▸ ASSIGNMENT: A faithful copy of the listing below is needed, with its pictures left out.

▸ EXERCISE DATA:
★ ★ ★ ★
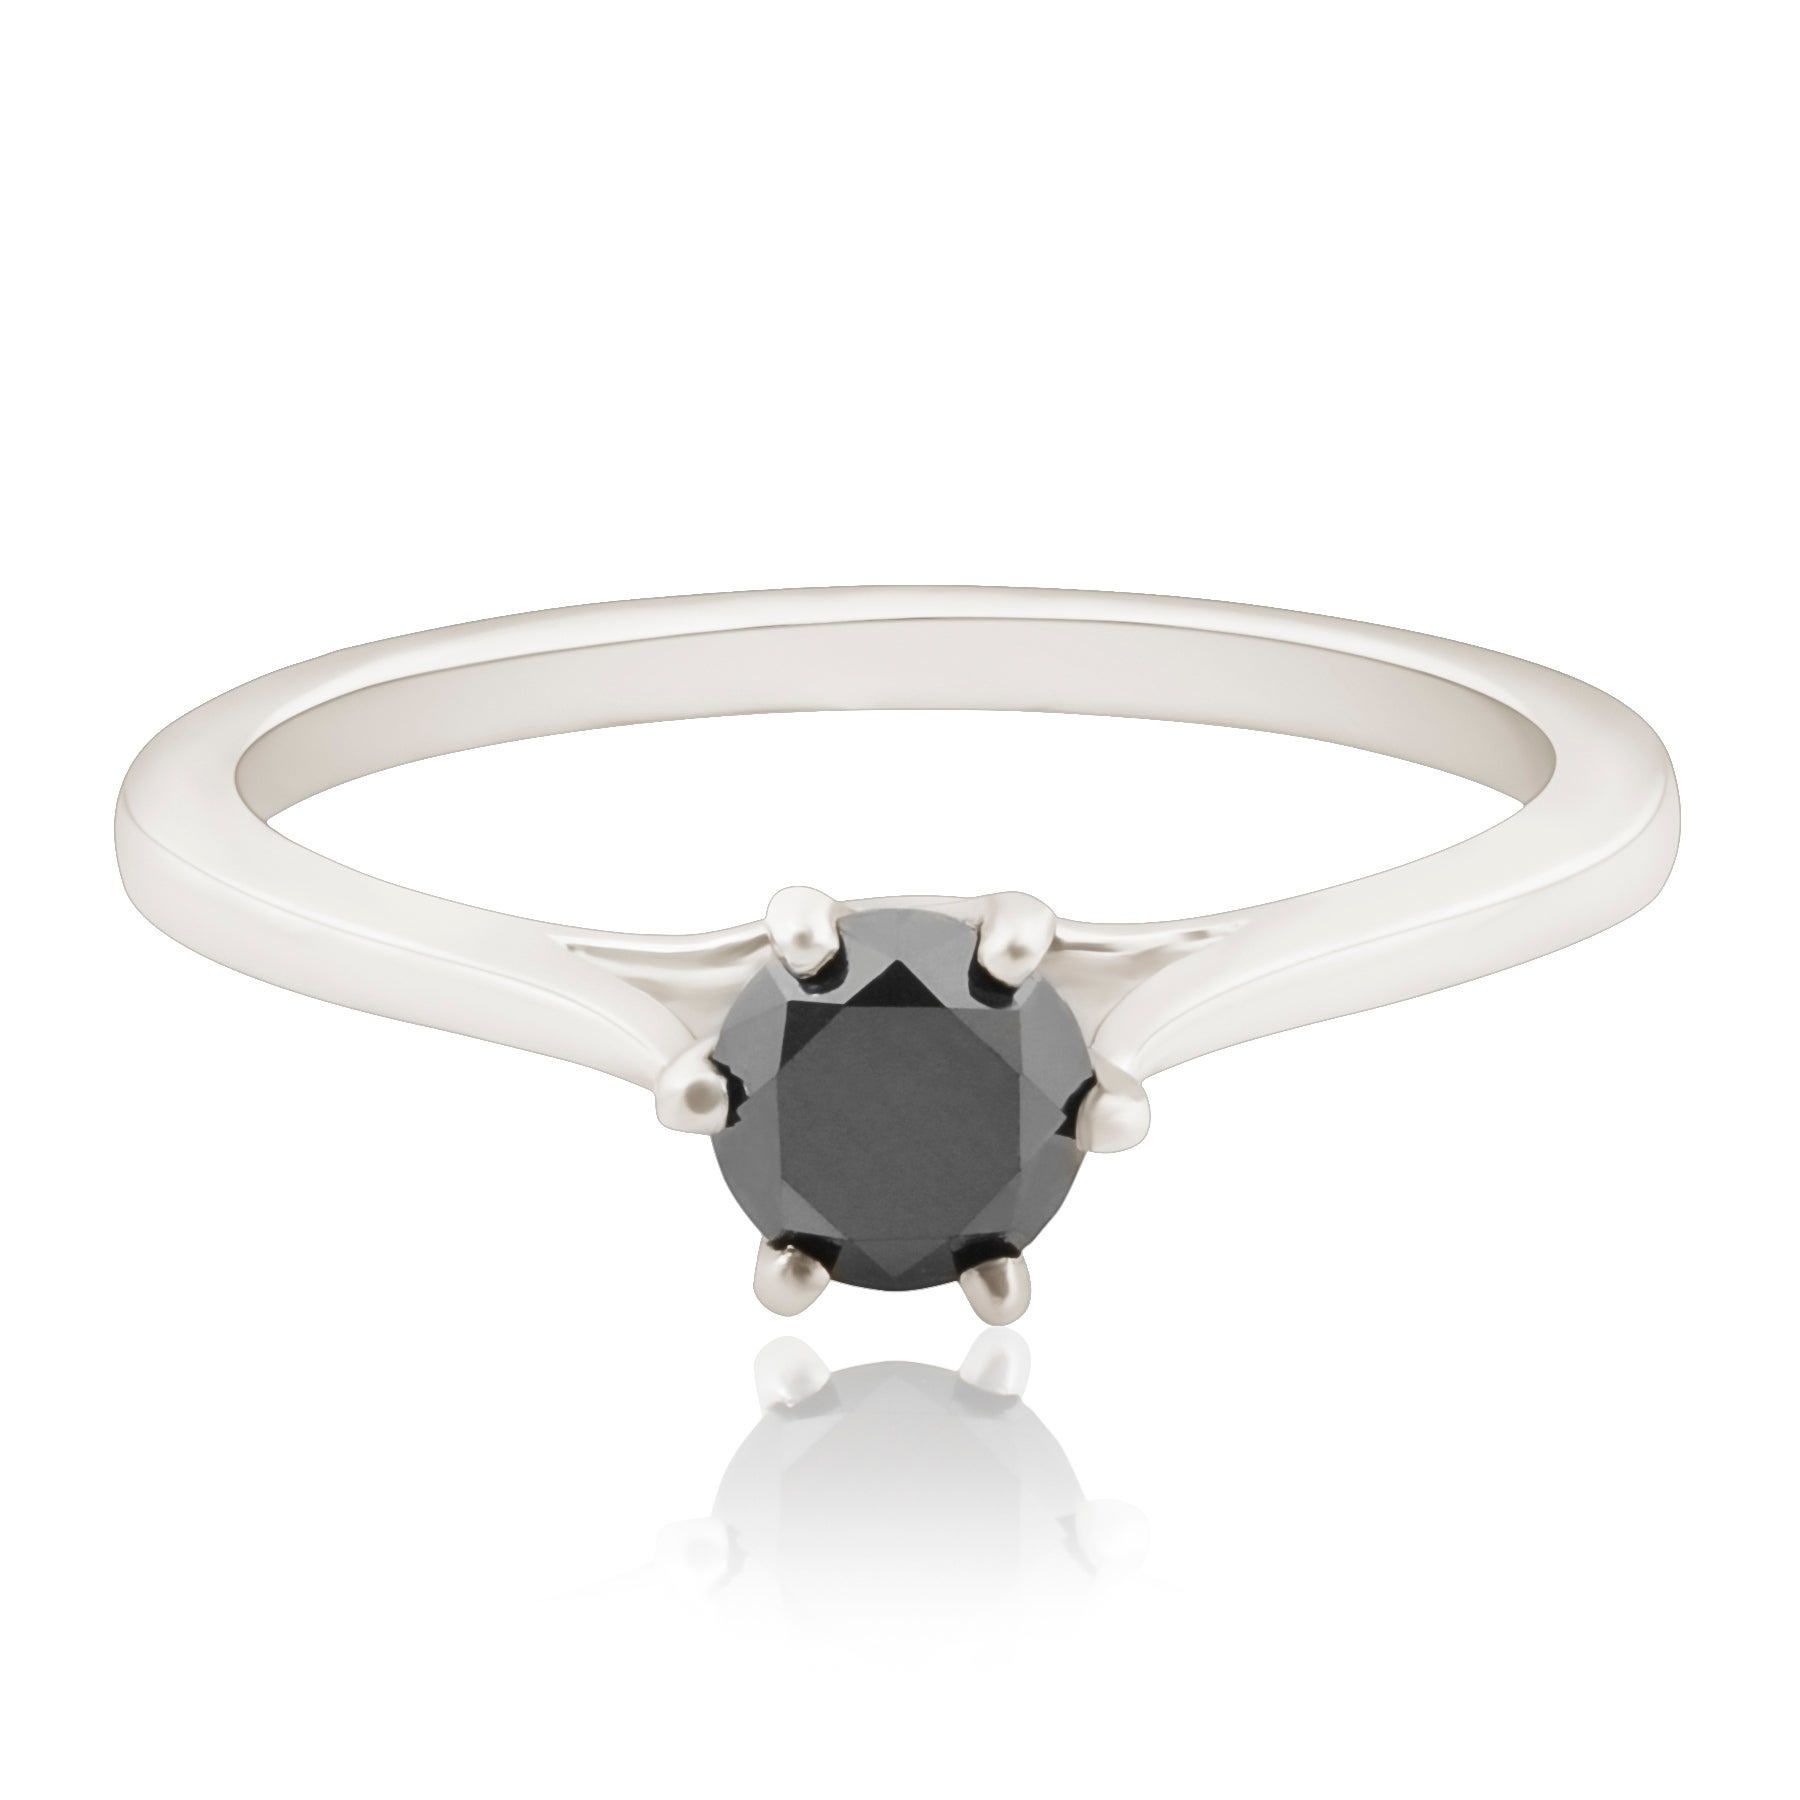 Sixg Set 0 28 Carat Black Diamond Solitaire En Ement Ring
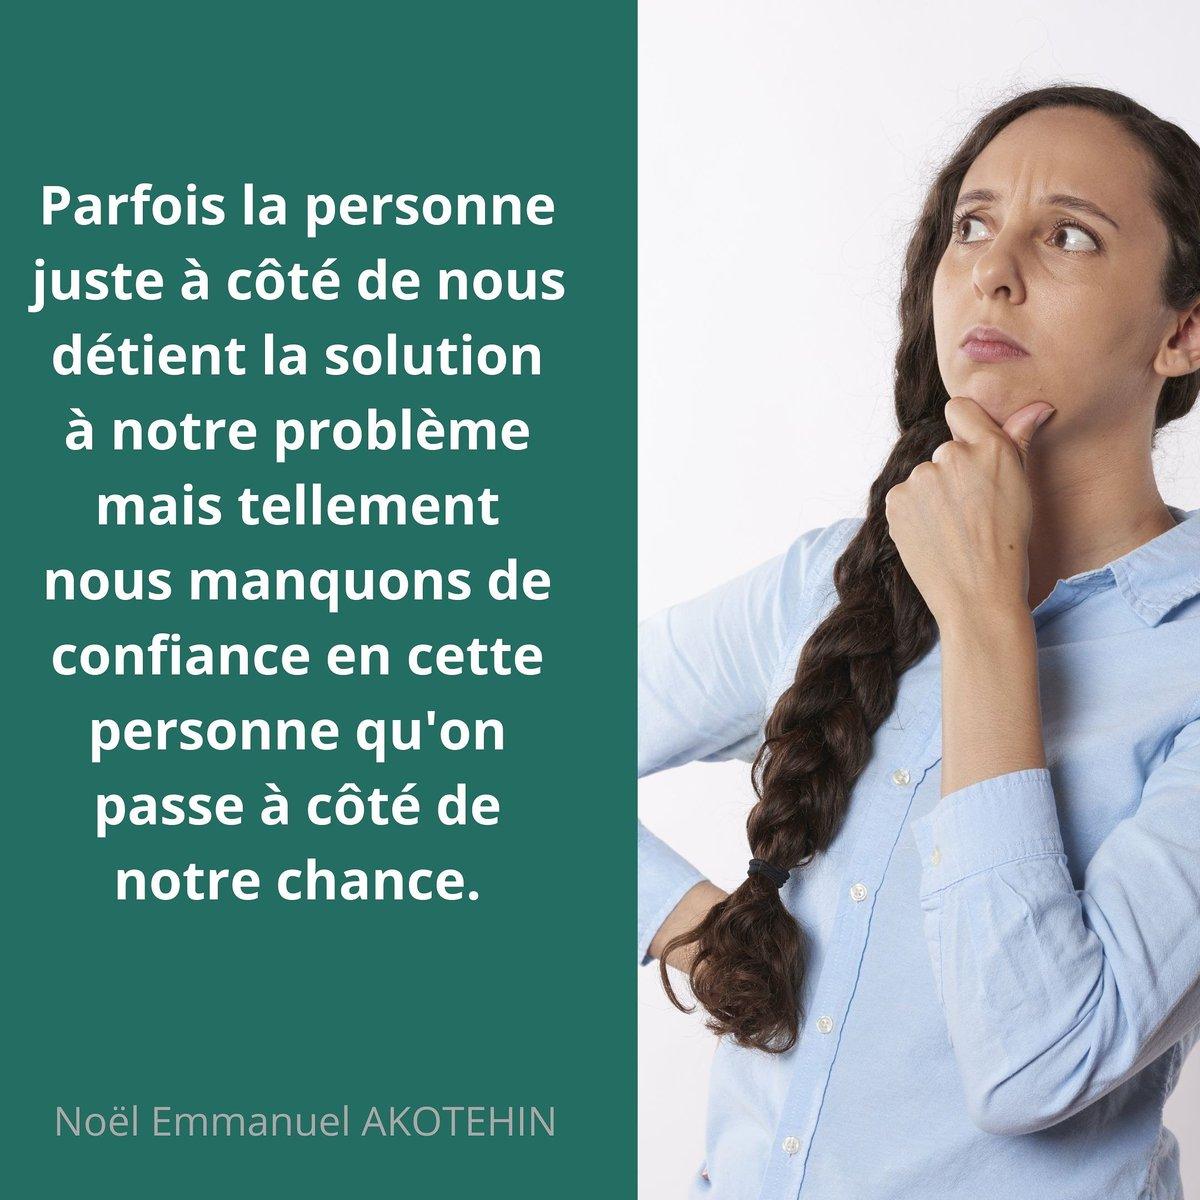 #penseedujour #confiance #solution #vivreheureux #20sur20pic.twitter.com/E4WbpxVyys
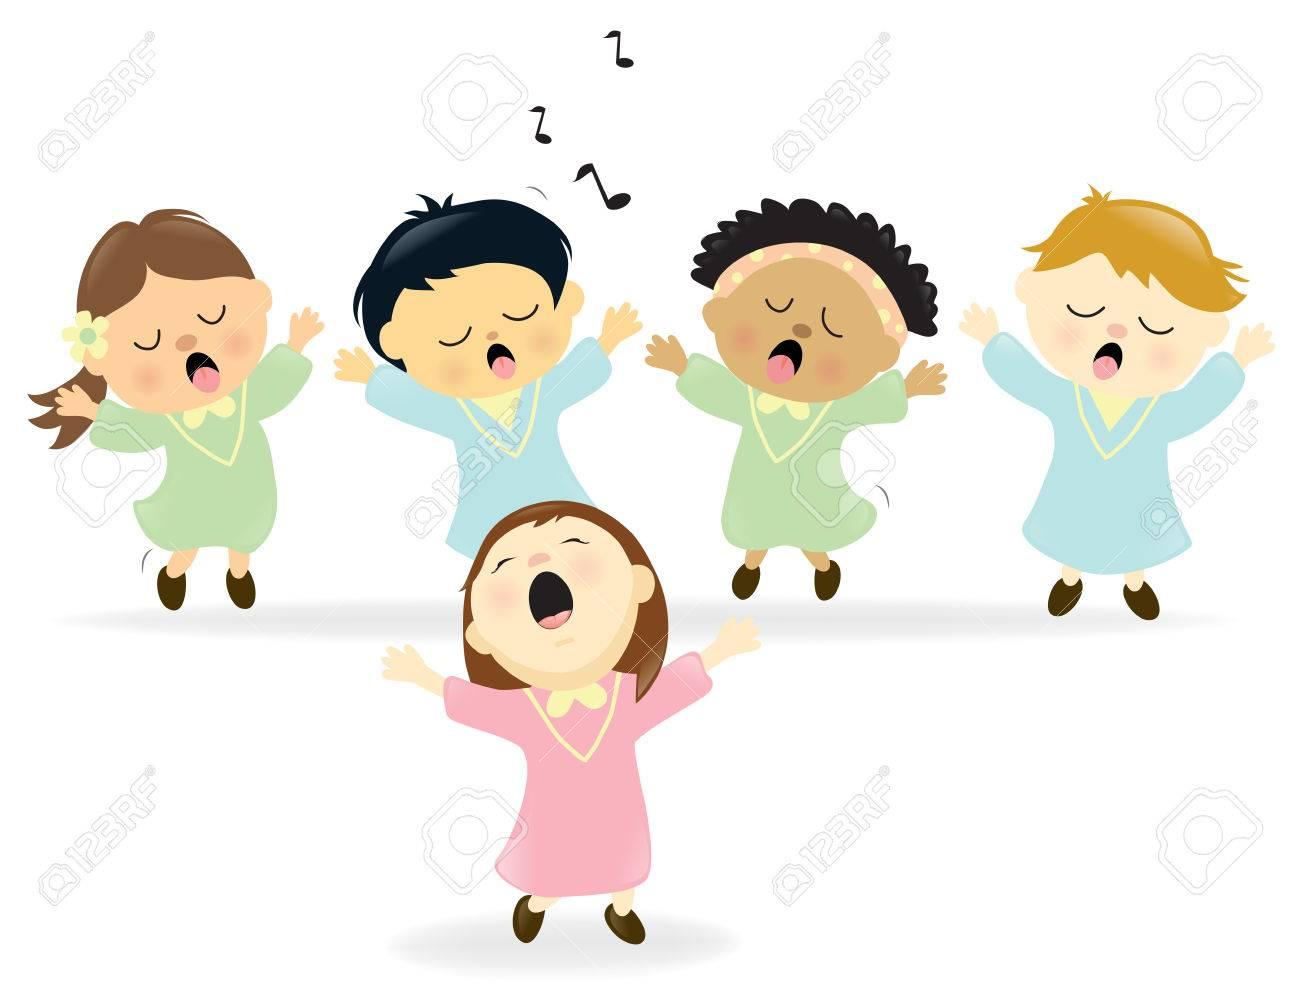 かわいい合唱団が歌うのイラスト素材ベクタ Image 56626290
★ ★ ★ ★
▸ RESULT OF THIS EXERCISE:
 Sixg Set 0 28 Carat Black Diamond Solitaire En Ement Ring
 #penseedujour #confiance #solution #vivreheureux #20sur20pic.twitter.com/E4WbpxVyys
 かわいい合唱団が歌うのイラスト素材ベクタ Image 56626290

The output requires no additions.